Yesterday evening, my girlfriend went to her hometown where she’ll stay for two days.
There are different commodities in public transportation in Japan, at various rates and speed: the bullet train will take you there in two hours, but will cost you a considerable percentage of your apartment rate; while the bus is cheaper, for a longer ride. She chose the night bus; “I might as well ride while I sleep and save even more,” she told me.
During those two days, she’ll pack the rest of her stuff left at her parents’ home to bring back at our apartment, her longed kimono included. Furthermore, she believes it’ll be good for me to live by myself for a couple of days, just to get the hang of life here.

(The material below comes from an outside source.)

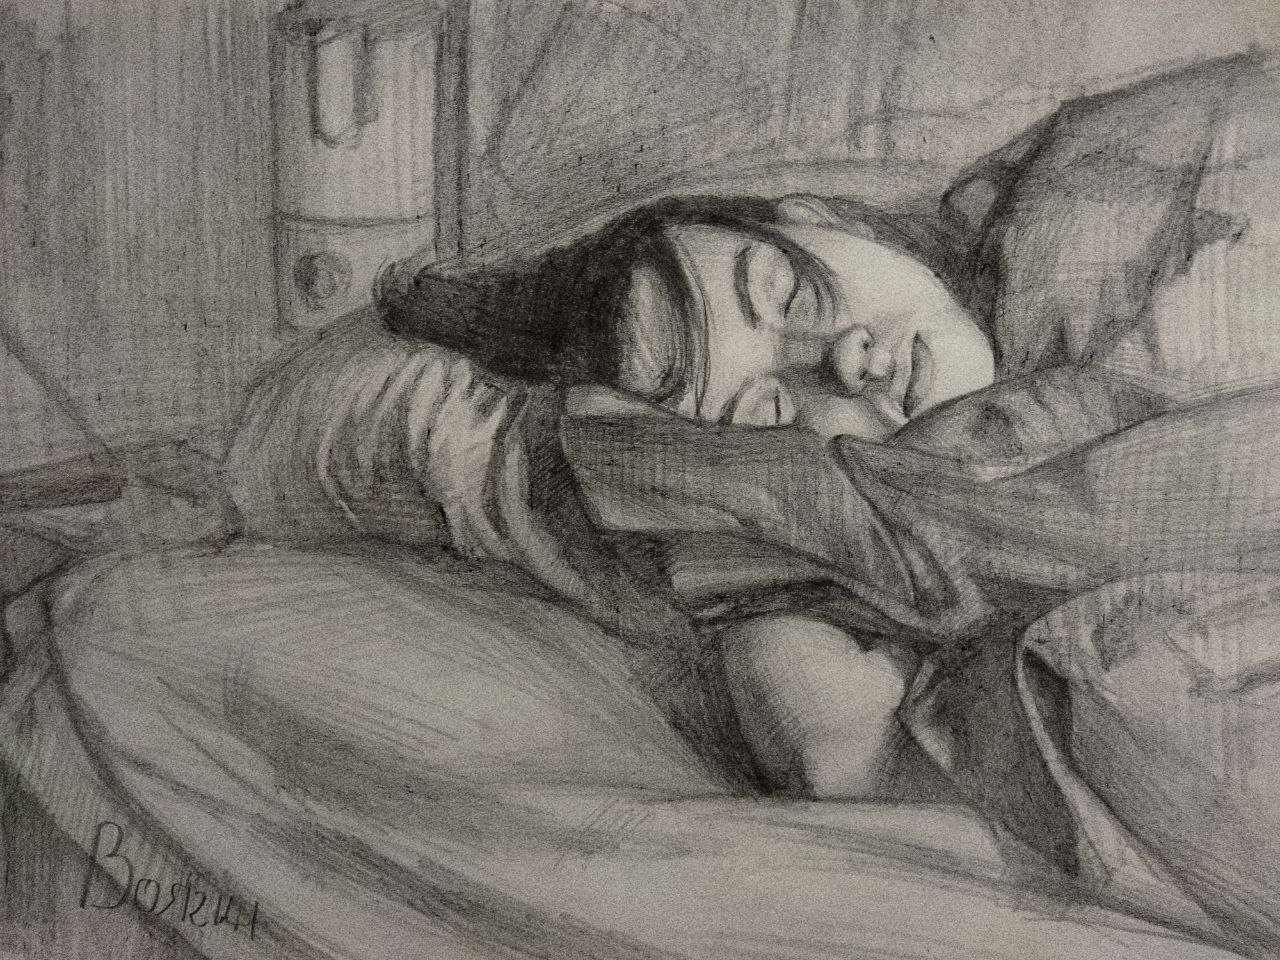 Sketch sleep by Cradenceti on DeviantArt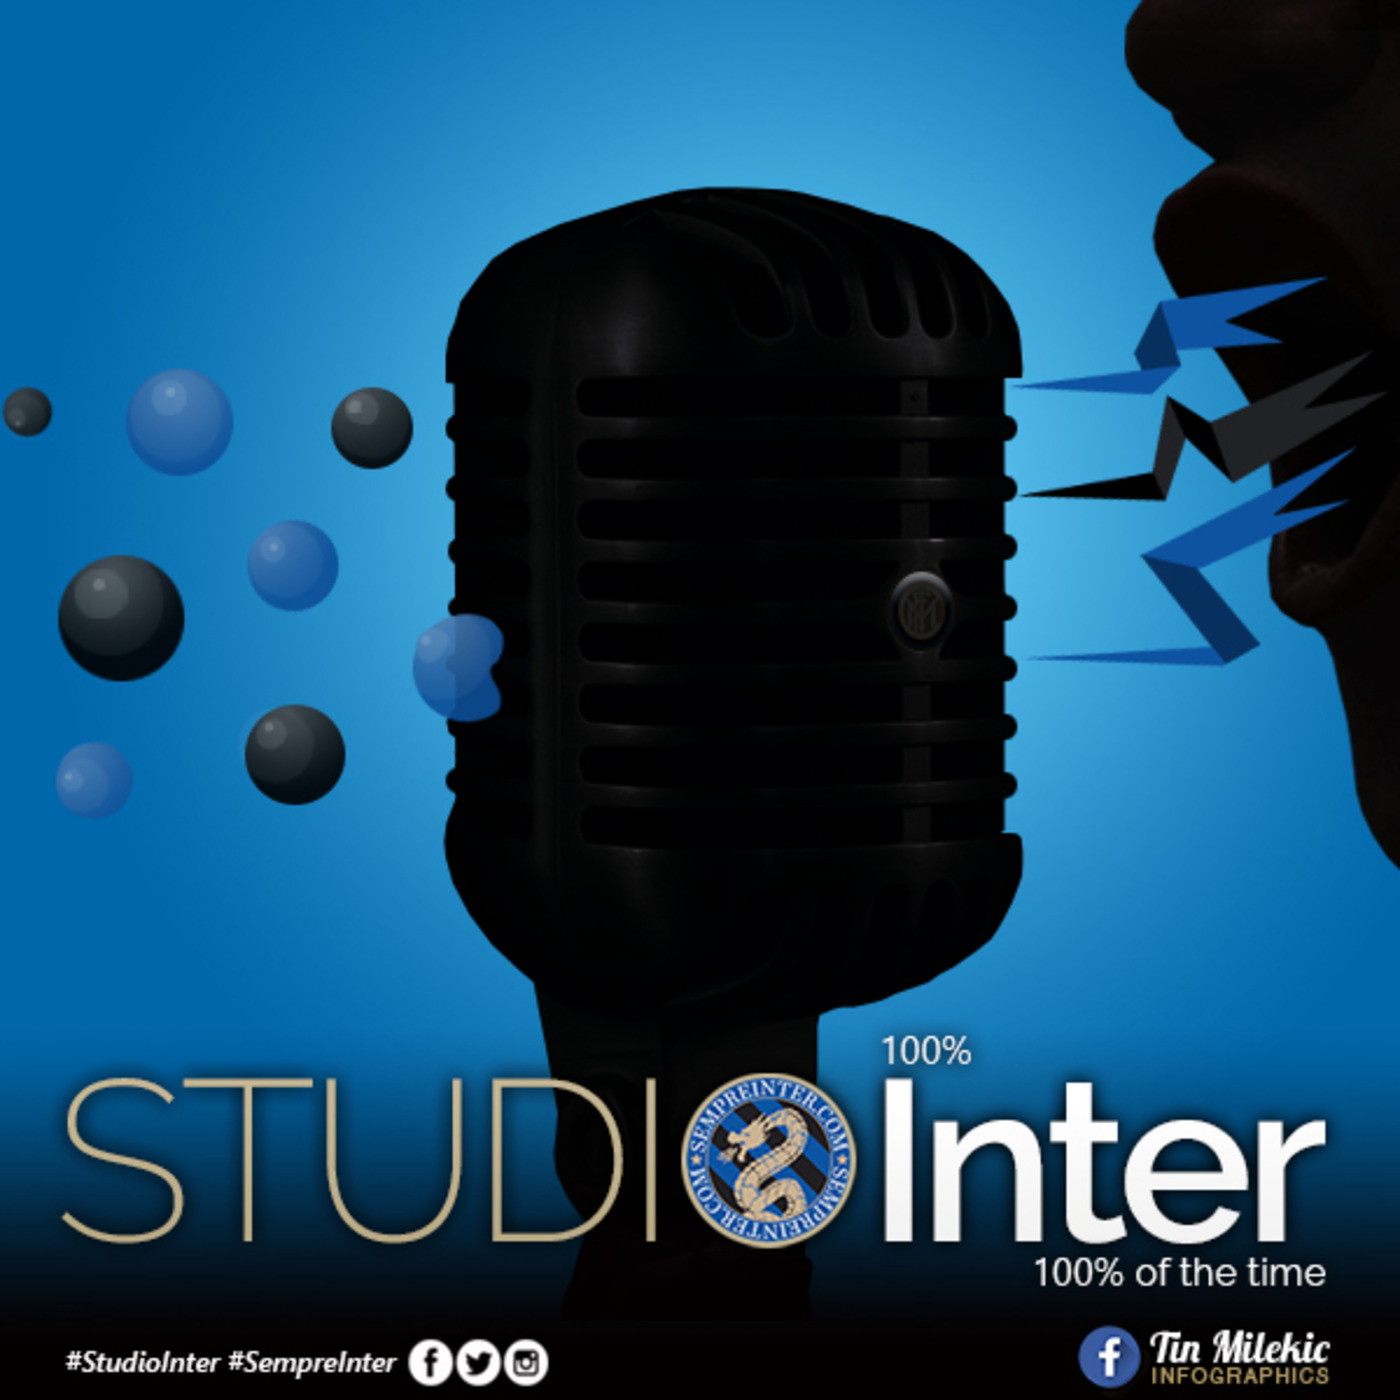 Episode 188: Season Premiere #StudioInter XXL Ep. 188: ”Difficult To See Inter Sign Duvan Zapata & Keep Lautaro Martinez”

I’m not sure what I will benefit from staying just two days by myself. Twenty fours hours aren’t like twenty four months. She has already done most of things that needed to be dealt with for us to settle: find an apartment, open a bank account, get my foreigner’s registration card… Surely, the tasks that I will accomplish before she comes back will be the most mundane things done in our usual daily routine.
She carefully prepared enough food for me to eat during her absence — good curry with chicken, vegetables, and rice is plenty to satisfy my appetite. The morning before her departure, she left a sheet of instructions written in Japanese with details of her bus schedule, how to reheat the curry, and a reminder that the recyclable plastic trash is to be collected the next morning. I’m quite forgetful, so I took the trash outside during the night.
It’s only yesterday night that I realised it’ll be my first time to sleep by myself, with no one around me, since the day I left Ottawa. I guess, unbeknownst to me, I really got used at living with her. I couldn’t stand living with my family all the time, or my friends, and half the roommates I had; but her, no problem.
Everything is going well at this point, despite the cold I caught last Saturday in Odaiba. Nobody likes having a cold, especially when you’re about to take your girlfriend out for dinner in an Italian restaurant the next day, like I did for White Day. You should have seen her face when I gave her the cute little card I’ve made for the occasion.
I’m currently in Kawagoe, at the end of the train line from my local station. I went to a coffee shop, got a small hot chocolate with a slice of New York cheesecake, and sat down at an empty table — a luxury in coffee shops of many urban areas. I’m surrounded by Japanese people yet I’m shielded from the rest of the world while I’m listening to Mogwai.
This is what is going on right now. Not too eventful, but that’s the way I want it to be.
Picture: Another dog poop warning sign. I’m collecting them. It’s poop, yet so cute.